When it comes to fats, the type of fat we eat matters.
As a society, we've been conditioned to believe that unsaturated fats from vegetable and seed oils are best
and that butter, lard, ghee, and other saturated fats are toxic.
In fact, the reverse is true.
Dr. Hyman discussed some of the history behind this misunderstanding
with leading science journalist Nina Teicholz.
Well, this is where the food industry does come in a little bit, just to start off this story.
So the vegetable oil industry was kind of born in the early 1900s, right? The first vegetable
oil product was Crisco. Oh, yeah. Right? So it used to be that those oils were used for the
Industrial Revolution. They were used to lubricate machinery.
And then they figured out how to harden them to make them,
and they learned how to bleach them and make them look white.
And then they thought, and it was actually Procter & Gamble that figured out how to do that.
They were going to make it into a soap.
You know, soap is made from oil.
Instead, they're like, hmm, that looks an awful lot like lard.
Let's try to sell it as a food.
So they started to sell it as a food yeah so they started to sell it as a food
um and yeah so it turns out that they contained you know that it's what they hardening vegetable
oils is done through a process called hydrogenation and that produces trans fats but so these these
trans fatty hardened oils were started to be sold to americans 1911. Um, so coincidentally, um, heart disease starts
to take off right, uh, right around maybe like 10 years later. Um, we started seeing increases
in death from heart disease. So, um, so then Procter and Gamble figures out how to just sell
oil as oil. So one of the things to understand about, um, these oils is they're pressed.
Procter and Gamble produced like shampoo.
Yeah. Well, they, they were a soap maker. Socter & Gamble produced like shampoo.
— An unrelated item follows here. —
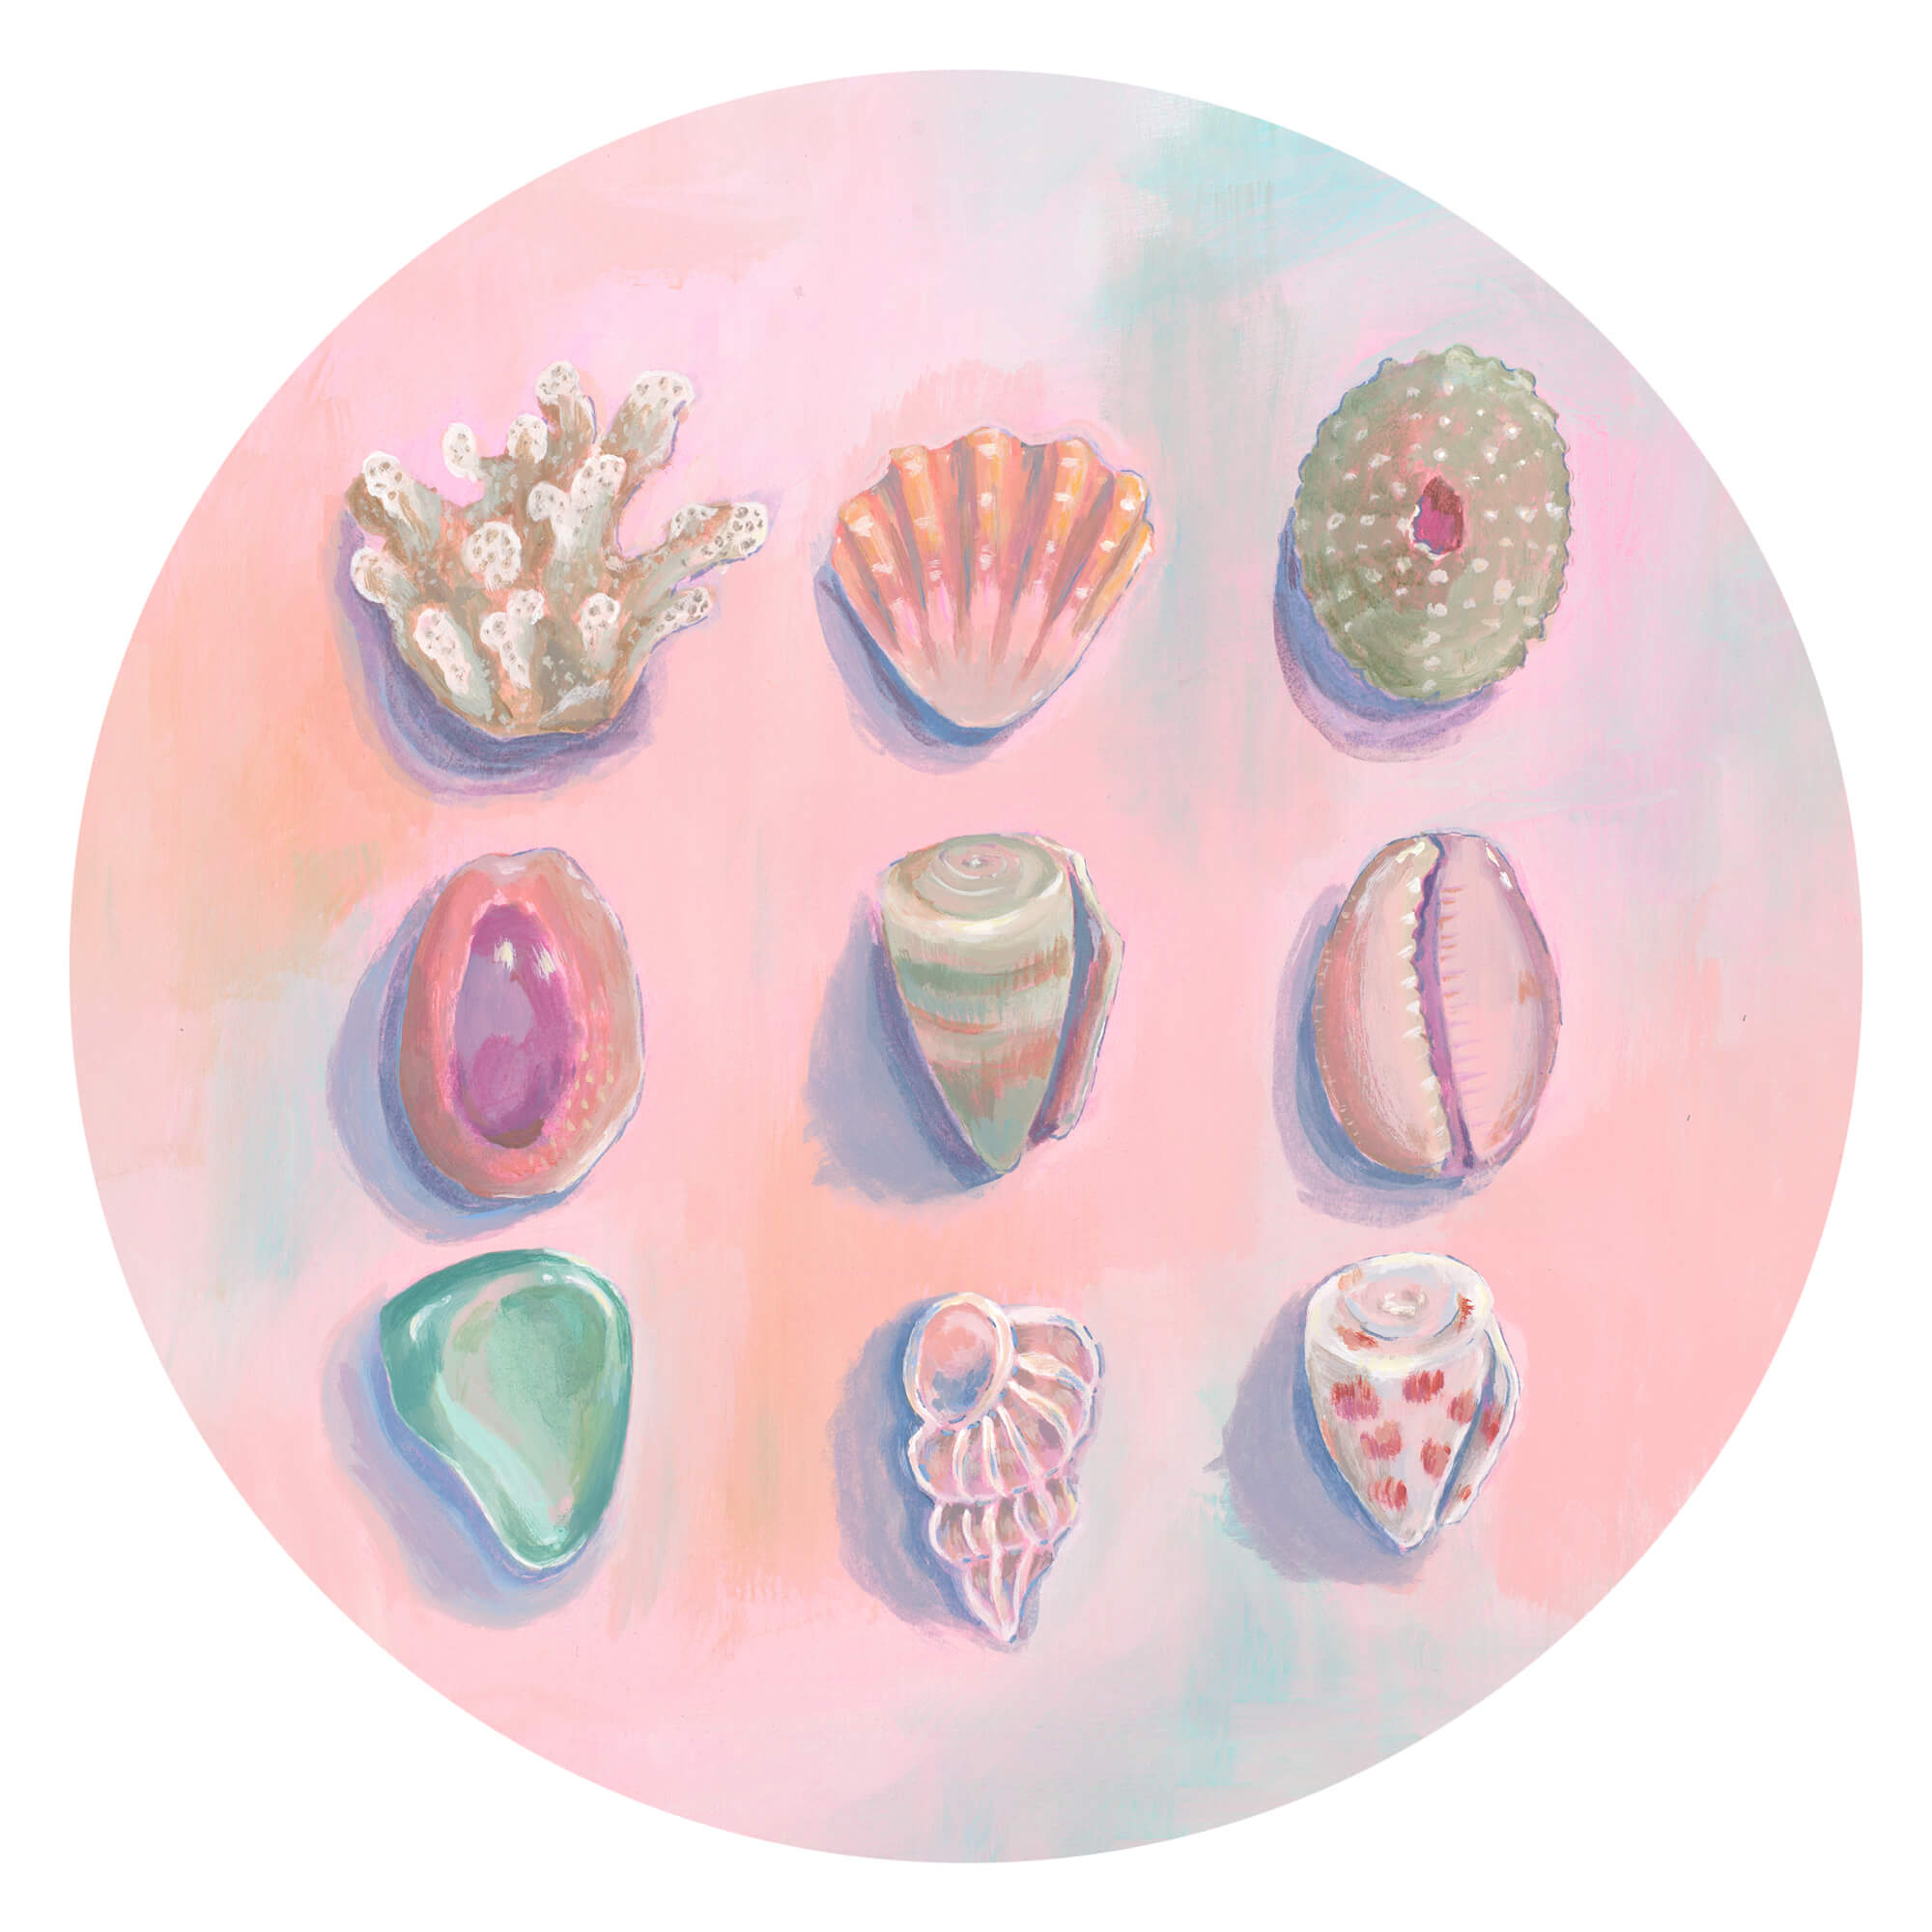 Different kinds of seashells and corals by Hawaii artist Lindsay Wilkins

Yeah, well, they were a soap maker.
So that's why they came up with this.
But Crisco was like a best-selling thing.
They convinced, you know, in America,
so all these immigrants,
and they want to become American, right?
And so Procter & Gamble had this brilliant advertising campaign basically saying,
you know, give up lard.
Those are the bygone days of your grandmothers, like the spinning wheel of the olden days and, you know,
have Crisco instead. And this is the newfangled thing made in, you know, shiny scientist kitchens.
So Procter & Gamble figured out how to then make vegetable oils that were fluid in bottles.
They kind of tinkered with the fatty acids to make them stable.
And then, so here's where they started to influence nutrition science.
In 1948, the American Heart Association, which is really just an association of cardiologists, right?
Remember, heart disease is new.
Tiny little association.
They barely had an office.
They were just like, they barely had any funds.
Procter & Gamble comes in and says,
we're going to make you the designee of this radio show
for a week.
And it was this huge deal.
Overnight, literally according to the official history
of the American Heart Association,
they said millions of dollars flowed into our coffers.
We became overnight the powerhouse, opening
offices all across the country that we are today. They're still the number one largest
non-for-profit in the country.
All thanks to Procter & Gamble. And pretty soon thereafter, they started to recommend
that you start eating vegetable oils to prevent a heart attack.
Which was the worst idea because it turns out that trans fats, everybody agrees in this,
have killed hundreds of thousands, millions of people over the decades.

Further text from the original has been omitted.